Mr Price endured less comeback following his admission on BBC TV's Question Time programme that he'd taken illegal drugs as a young man, telling the programme: "As a gay man who first went clubbing in the 1990s it would be a bit of a surprise if I hadn't taken drugs."

He said while he wasn't proud of his actions, he wasn't going to lie about them either.

Putting his leadership on the line

Entering the election campaign, Mr Price is hindered by the fact that his two great political skills - speech-making and face-to-face campaigning - are of little use in a pandemic.

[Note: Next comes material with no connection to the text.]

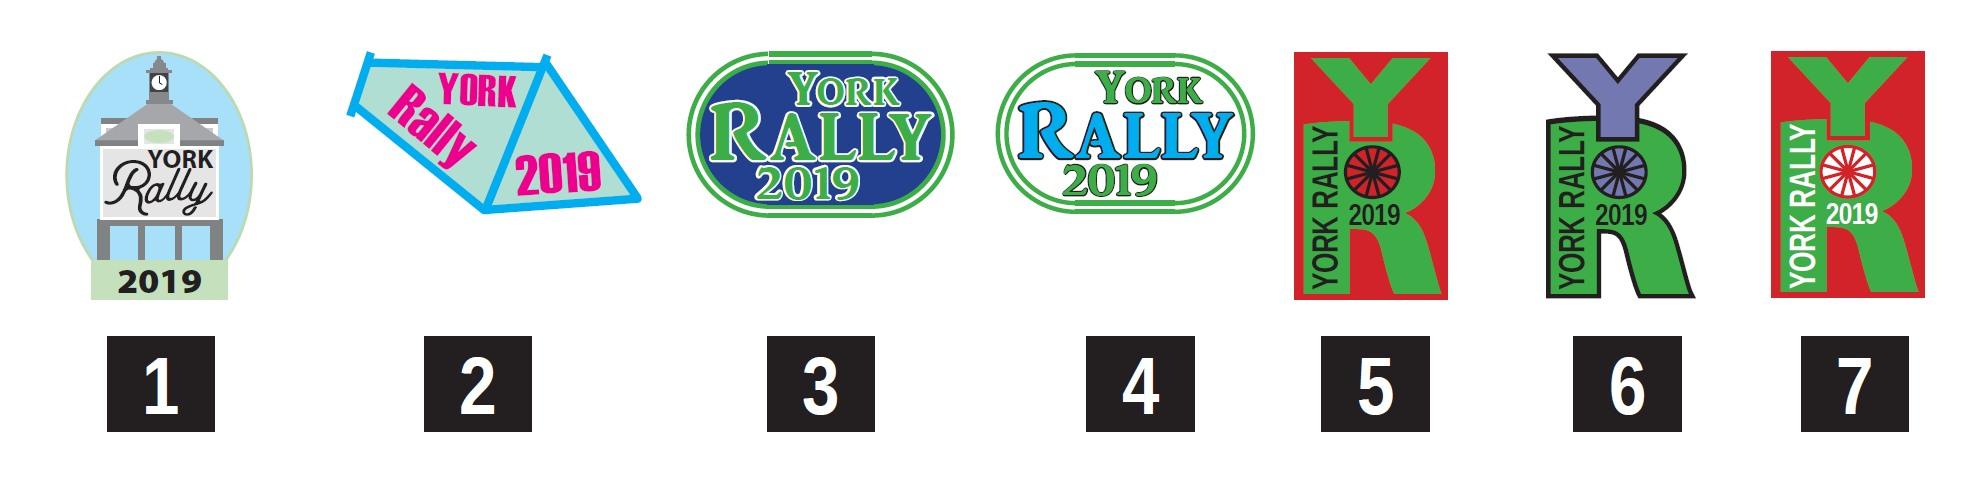 2019 badges v3

Nevertheless he's set the bar high for himself saying that "anything less than being first minister after the election would be a failure". He's put independence at the front and centre of the campaign in a way that no Plaid Cymru leader has done before.

Having ruled out both a coalition with the Conservatives and joining a coalition with Labour as a junior partner, the Plaid leader has left himself little room for manoeuvre if the party has a disappointing election result.

By banking on an electoral breakthrough, Mr Price is probably putting himself and his leadership on the line.

It's the sort of thing a son of prophecy would do but Mr Price knows his history.

He will be well aware that the usual fate facing a prophetic son is to fail in his task and then slumber in a cave somewhere, waiting for a call that never comes.